Конклав 1903 года, устранив благодаря вмешательству австро-венгерского правительства вполне обеспеченную кандидатуру кардинала Рамполлы, возвёл на Папский Престол кардинала Сарто под именем Пия X. Со вступлением его в управление Римской церковью облик Ватикана резко изменился. Из крупного политического центра, с которым приходилось считаться и не находящимся в духовном общении с Римом державам, он обратился, по выражению одного Римского прелата, в «пароккию», т. е. в простой приход. Ближайшие сотрудники покойного Папы и прежде всего кардинал Рамполла были удалены от дел или, оставаясь в римских конгрегациях, лишились в них всякого влияния. Место их заступили лица, не подготовленные ни к какой политической деятельности и обязанные своим возвышением, главным образом, своими близкими отношениями к ордену иезуитов и культрамонтанским кругам, которые им вдохновляются, т. е. к той крайней партии, которую можно охарактеризовать, назвав её католической чёрной сотней.

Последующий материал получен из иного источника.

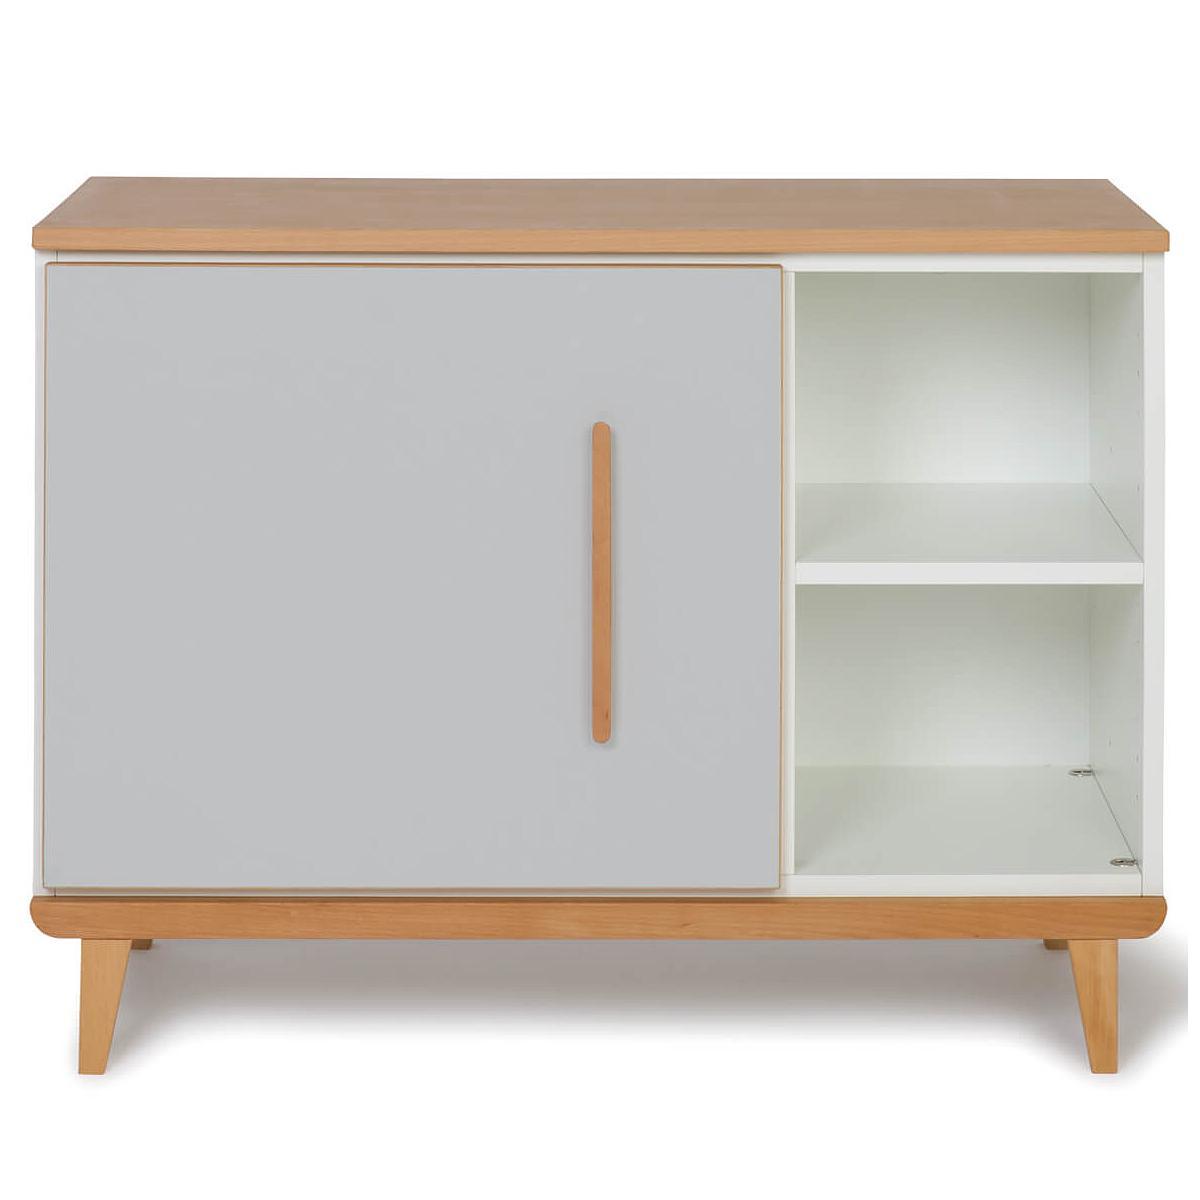 Wookids - Petit meuble 1 porte NADO grey

Ближайшим последствием такой коренной перемены был наступивший в скором времени разрыв дипломатических отношений между Римской Курией и правительством Французской Республики. Периодически вспыхивающее во Франции пламя антиклерикализма, разгоревшееся особенно ярко во время нахождения у власти кабинета Комба, уничтожило долголетнюю политическую работу французского посла при Римской Курии Лефевра де Бехена, которому удалось занять первенствующее положение среди иностранных представителей при Ватикане. Достигнутые им успехи оказали Франции значительную услугу, отодвинув на задний план соперничавшие с ней влияния германской и австро-венгерской дипломатии и вернув французскому правительству часть того значения, которое оно приобрело на Востоке со времен Людовика XIV в качестве покровительницы римско-католических интересов и которым республика дорожила не менее старой монархии. Это новое столкновение между французским якобинством и римским ультрамонтанством не приобрело бы в правление Льва XIII особой остроты и не привело бы их к дипломатическому разрыву. Заместивший кардинала Рамполлу молодой и неопытный статс-секретарь оказался совершенно не на высоте положения в эту трудную минуту и своими тактическими промахами сыграл на руку французским антиклерикалам. К удовольствию врагов Франции место, занимавшееся её представителем при Ватикане, осталось пустым на многие годы. Невыгоду для себя этого положения французское правительство ощутило с особенной силой после смерти Пия X в 1914 году. В самом начале Великой войны был избран на Папский Престол Бенедикт XV Делла Киэза. В первые годы его правления политика Римской Курии следовала внушениям врагов Франции и действовала во вред как её интересам, так и её союзницы Бельгии.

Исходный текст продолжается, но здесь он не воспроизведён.